Based on these analysis results, here are my recommendations:
1. Model Comparison:
- Linear Regression: RMSE = 220,823.4, R-squared = 0.6692366
- Random Forest: RMSE = 151,615, R-squared = 0.8523917
- XGBoost: (RMSE and R-squared not provided, but slightly outperforms Random Forest)

Both Random Forest and XGBoost significantly outperform linear regression. XGBoost shows a slight edge over Random Forest in economic metrics.

  1. Model Selection:
    Implement XGBoost as the primary model due to its marginally better performance. Keep Random Forest as a close secondary model for comparison and robustness. Use linear regression as a baseline model.

  2. Key Predictors:
    Based on Random Forest importance (assuming similar for XGBoost):

Top 5: latitude, grade, longitude, year built, and sqft_living15.

Analyze feature importance in XGBoost to confirm similarities or differences.

  1. Economic Viability:
    XGBoost shows the best economic potential:
  • Potential savings per house: 29.67%
  • Houses needed to break even: 1
  • ROI after 1000 houses: 320,351.20%

Random Forest shows similar, slightly lower figures.

  1. Implementation Strategy:
  1. Implement XGBoost as the primary model.
  2. Maintain Random Forest as a secondary model for comparison.
  3. Use linear regression as a quick, interpretable baseline.
  4. Start with a pilot program to verify real-world performance of all models.
  5. Gradually scale up the use of the best-performing model(s) in production.
  1. Ensemble Approach:
    Consider creating an ensemble model that combines predictions from all three models, potentially weighted based on their performance.

  2. Model Interpretability:
    Use XGBoost and Random Forest for highest accuracy, but leverage the linear model for its ease of interpretation when needed to explain predictions to stakeholders.

  3. Feature Engineering:
    Given the superior performance of the more complex models, invest in feature engineering to potentially improve all models, especially XGBoost and Random Forest.

  4. Hyperparameter Tuning:
    Conduct thorough hyperparameter tuning for both XGBoost and Random Forest to potentially improve their performance further.
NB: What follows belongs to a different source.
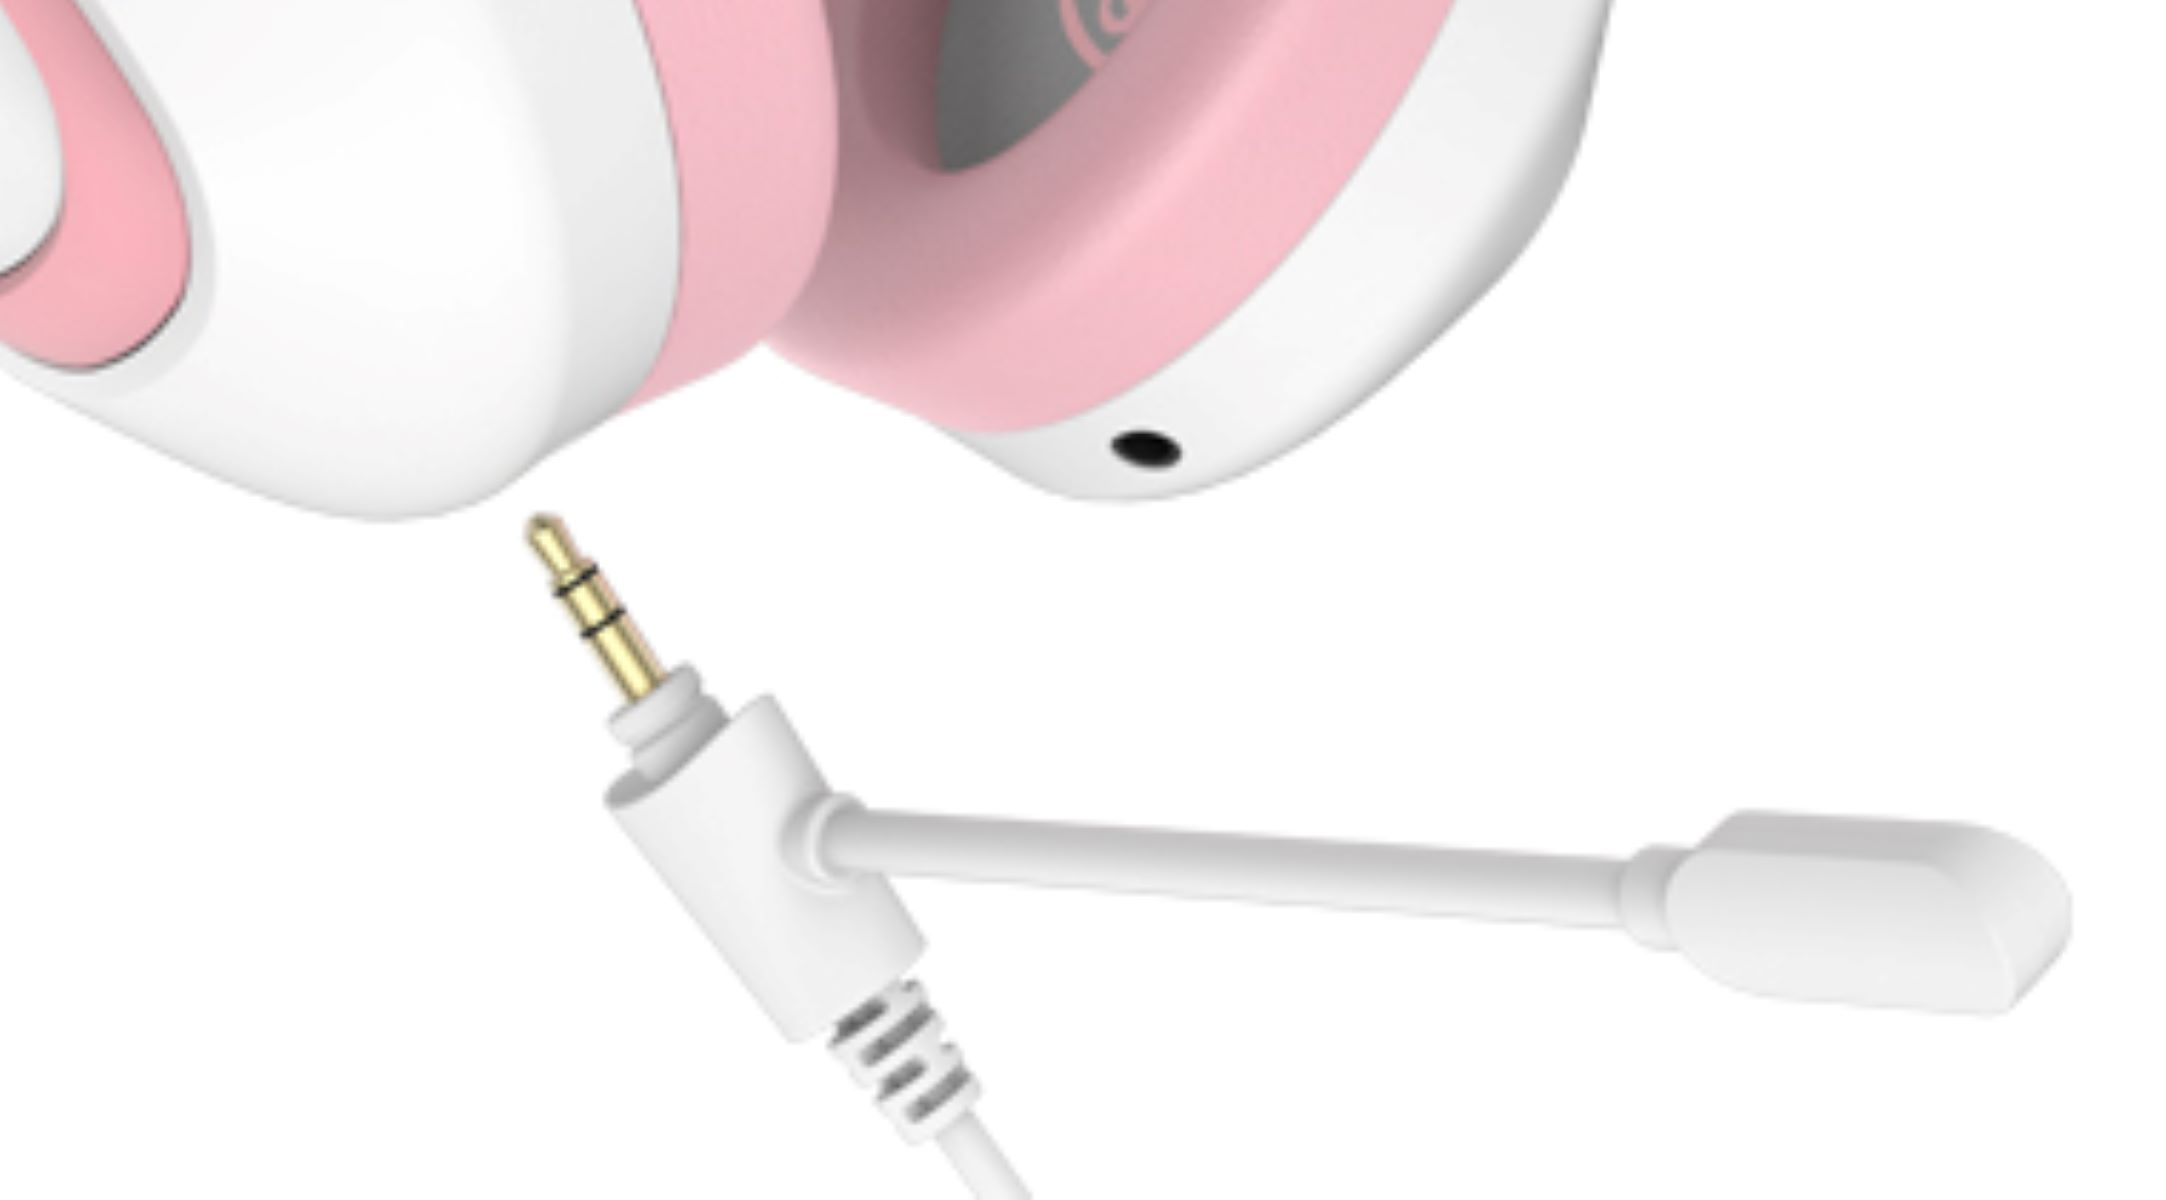 SADES Shaman SA-724, Over-ear Gaming Headset weiß/pink

  5. Continuous Learning and Adaptation:
    Implement a system to regularly retrain all models with new data, allowing them to adapt to changing market conditions.

  6. Model Monitoring:
    Set up a monitoring system to track the performance of all three models over time. This will help identify if/when model retraining is necessary or if the relative performance of the models changes.

  7. User Interface:
    Develop an interface that allows users to see predictions from all three models, along with confidence intervals and model-specific feature importance.

  8. Risk Management:
    While the complex models show excellent potential, keep the linear model as a fallback option in case of unexpected issues with the more complex models.

  9. Ethical and Legal Compliance:
    Regularly audit all models for compliance with fair housing laws and to ensure they don’t perpetuate biases. The linear model can be particularly useful for these audits due to its transparency.
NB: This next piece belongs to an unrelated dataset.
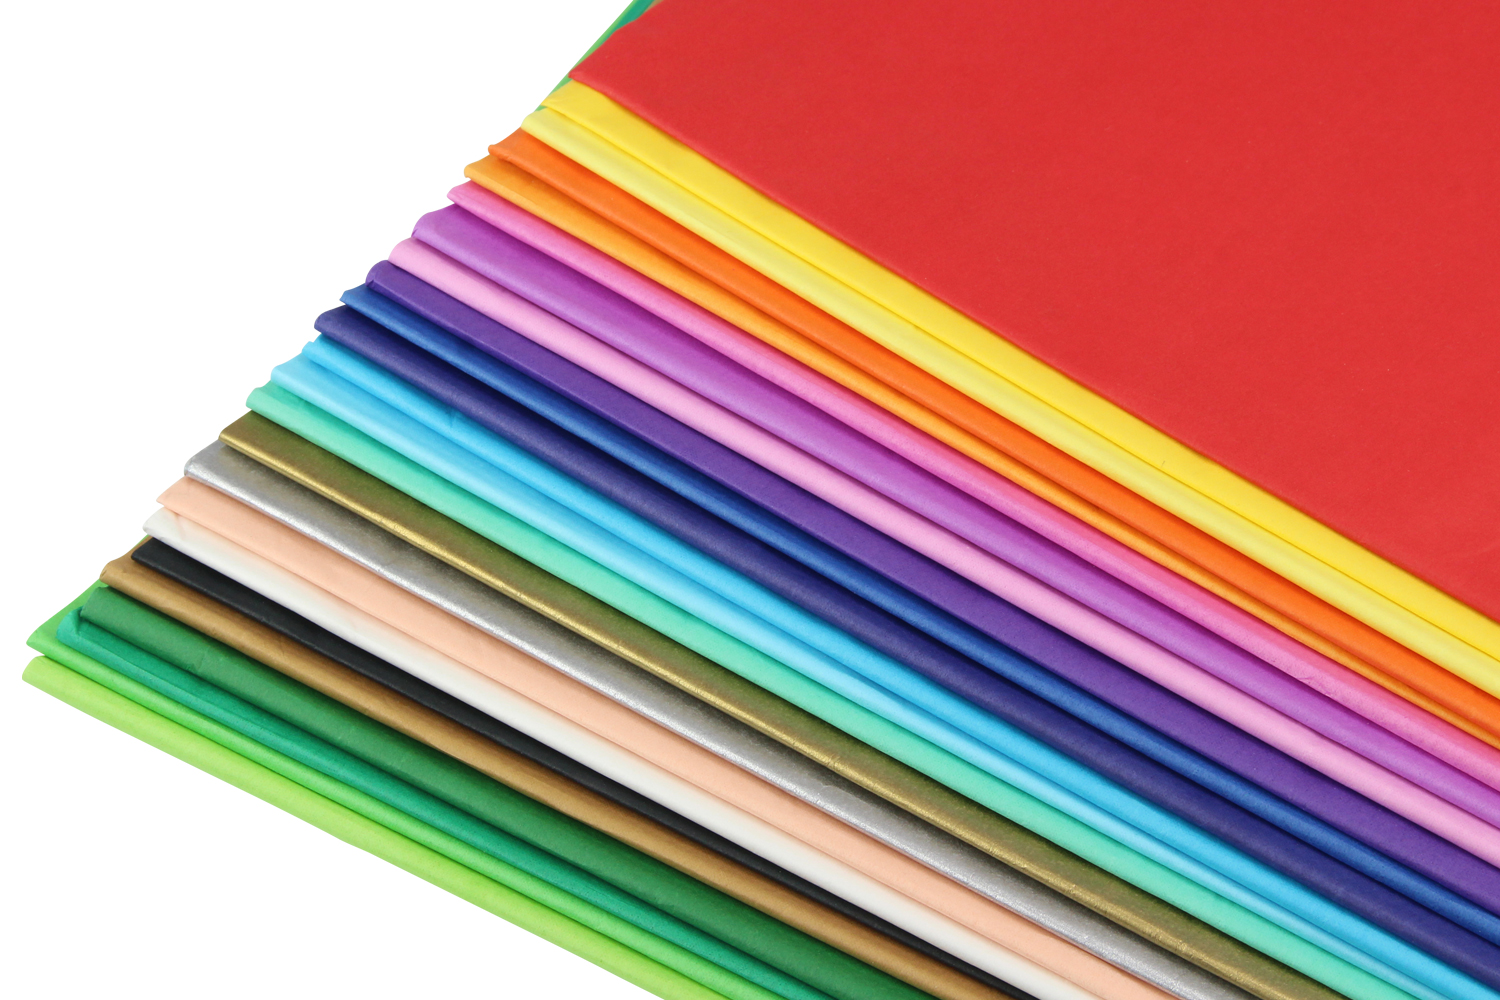 Papier de soie en 10 couleurs - 50x70cm - AUSA

  10. Educational Component:
    Provide training to users on the strengths and weaknesses of each model type, helping them understand when to rely more heavily on one model over the others.

  11. Feedback Loop:
    Establish a system for users to provide feedback on prediction accuracy, using this information to continually refine and improve all models.

By leveraging the strengths of all three models - the accuracy of XGBoost and Random Forest, and the interpretability of linear regression - you can create a robust, high-performing, and transparent house price prediction system.